● **Exercise**
If pictures are present, leave them out, and copy the data word for word.
══ Data excerpt ══
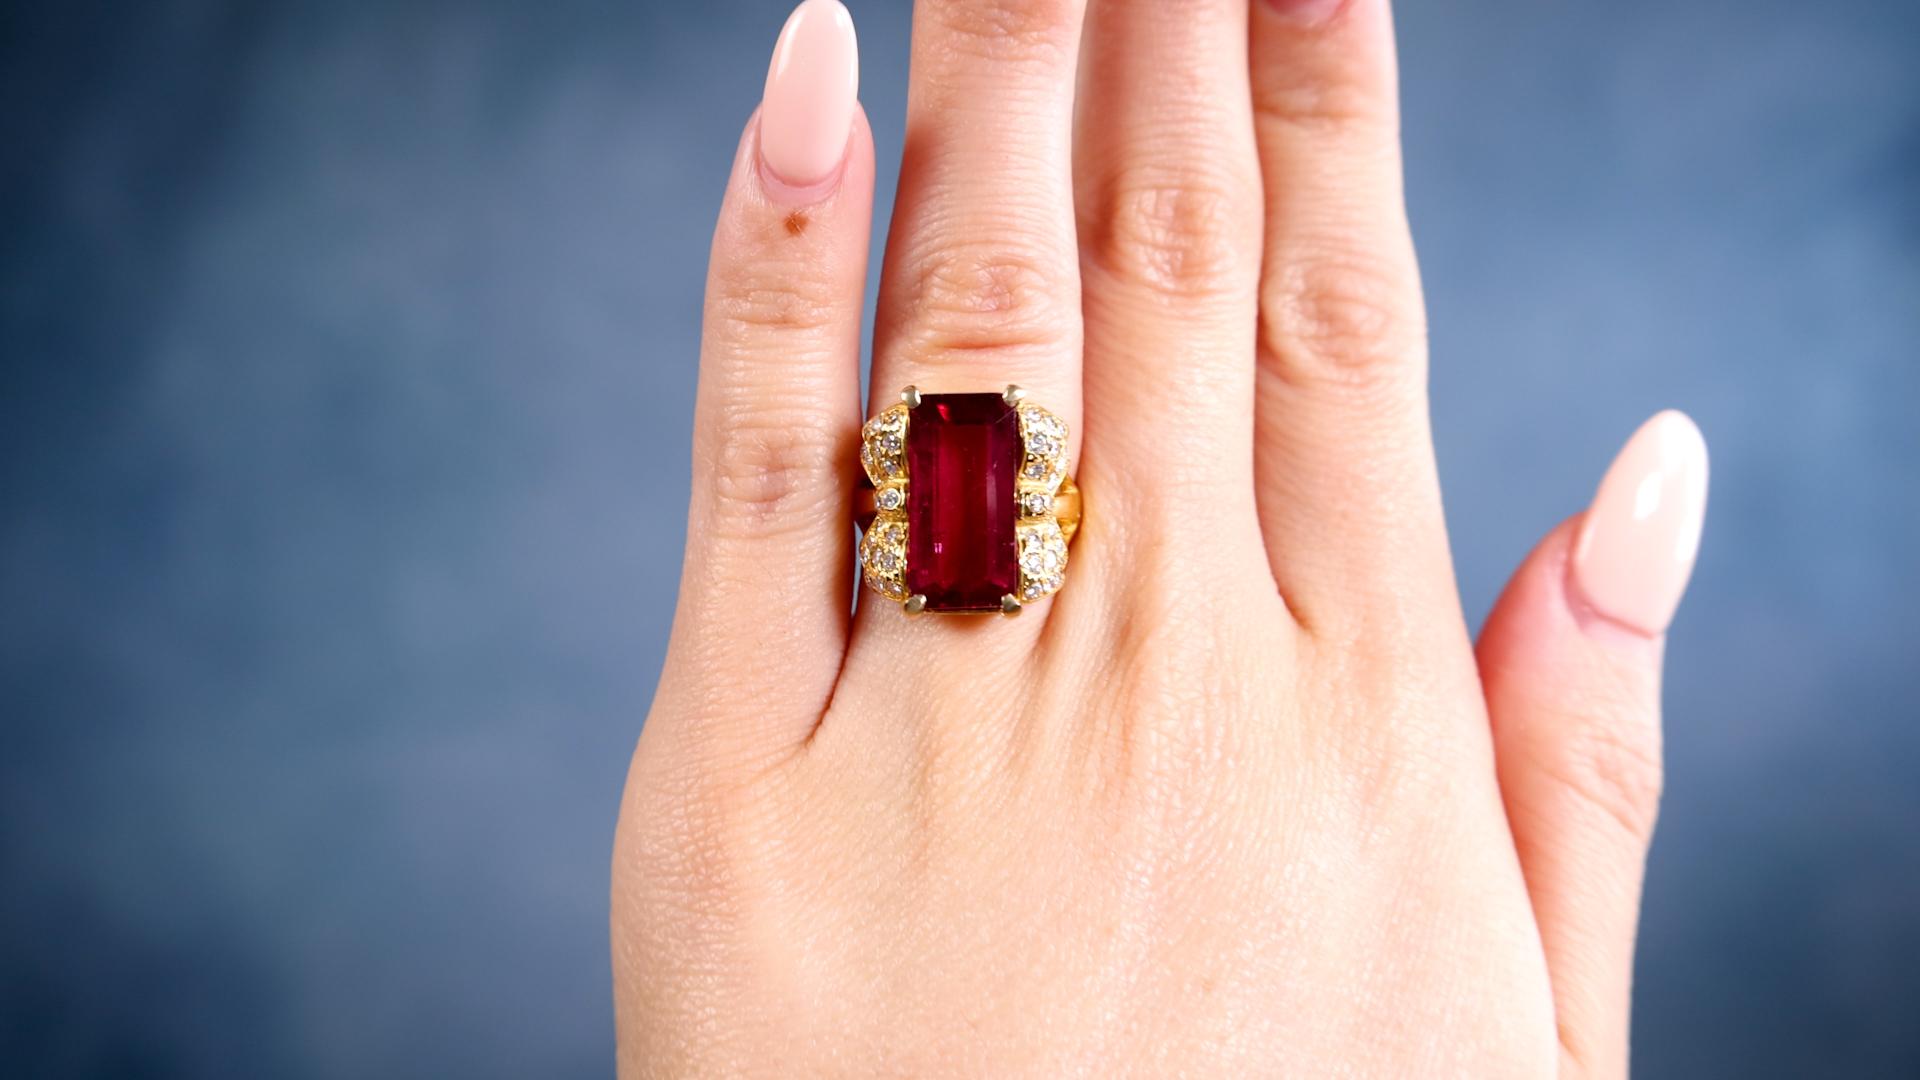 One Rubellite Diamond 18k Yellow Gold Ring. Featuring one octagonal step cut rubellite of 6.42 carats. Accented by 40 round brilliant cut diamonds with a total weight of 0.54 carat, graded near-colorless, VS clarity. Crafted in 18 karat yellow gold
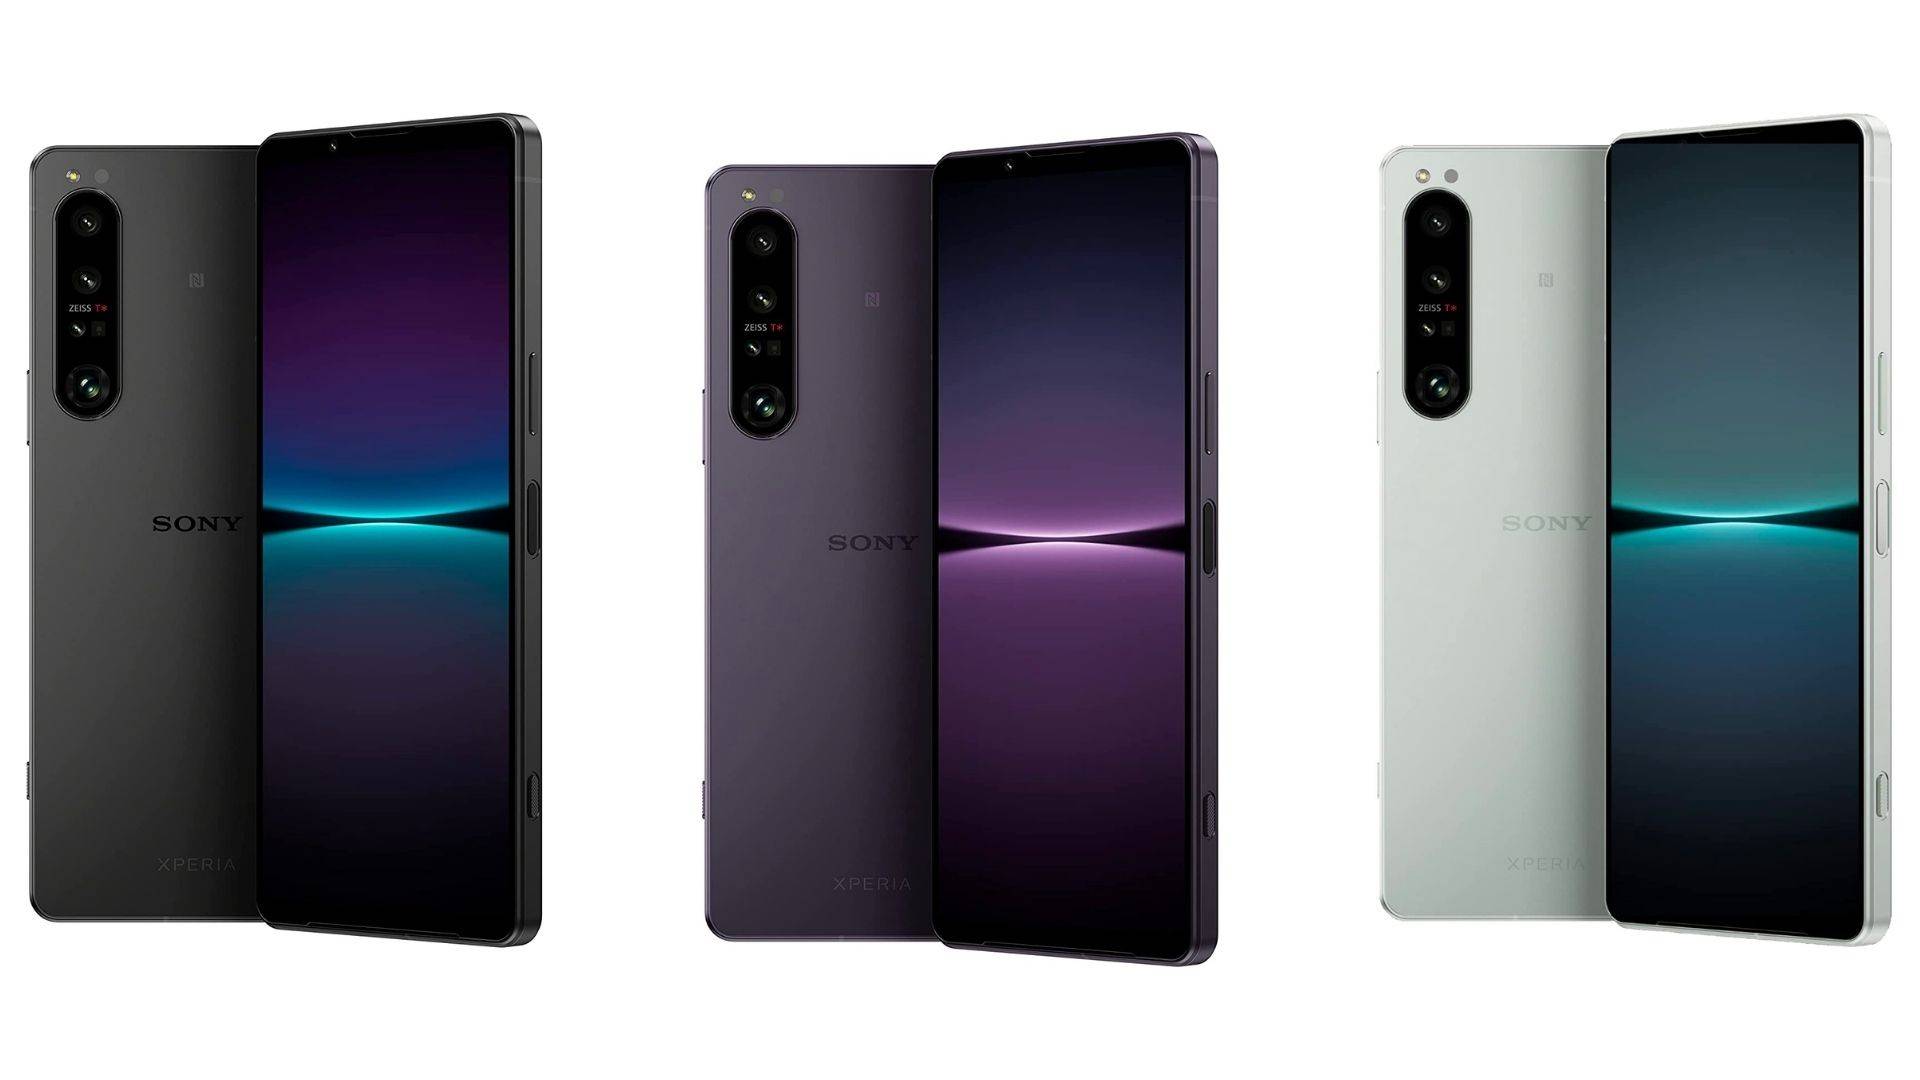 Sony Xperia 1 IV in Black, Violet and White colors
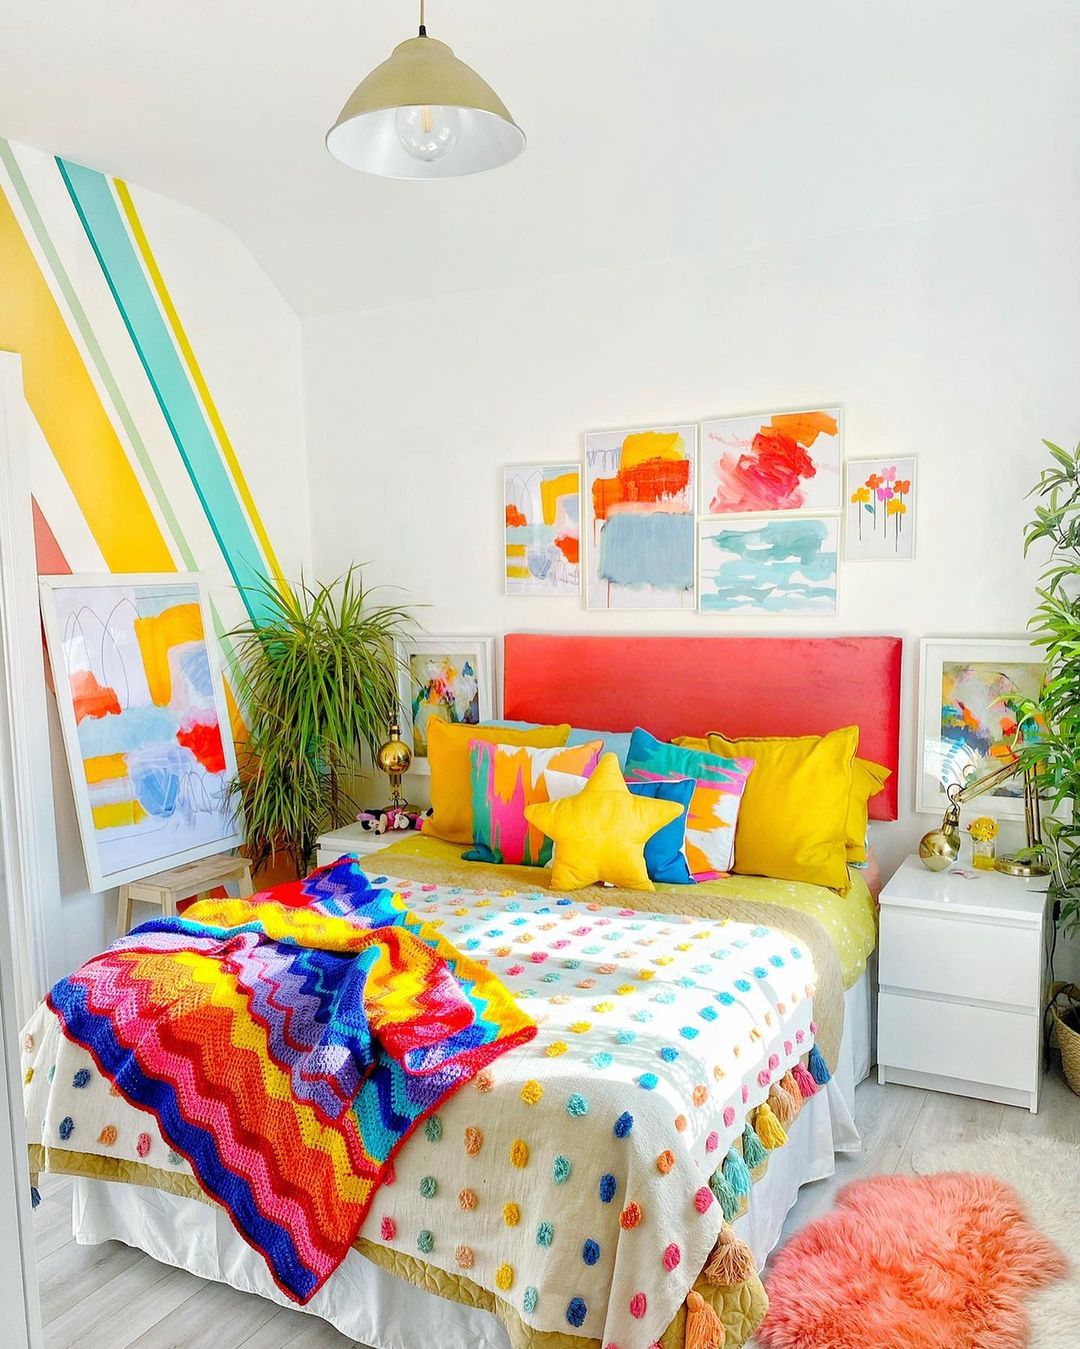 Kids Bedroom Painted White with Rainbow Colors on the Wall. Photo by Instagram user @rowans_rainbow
═══
● **Answer space**
 One Rubellite Diamond 18k Yellow Gold Ring. Featuring one octagonal step cut rubellite of 6.42 carats. Accented by 40 round brilliant cut diamonds with a total weight of 0.54 carat, graded near-colorless, VS clarity. Crafted in 18 karat yellow gold
 Sony Xperia 1 IV in Black, Violet and White colors
 Kids Bedroom Painted White with Rainbow Colors on the Wall. Photo by Instagram user @rowans_rainbow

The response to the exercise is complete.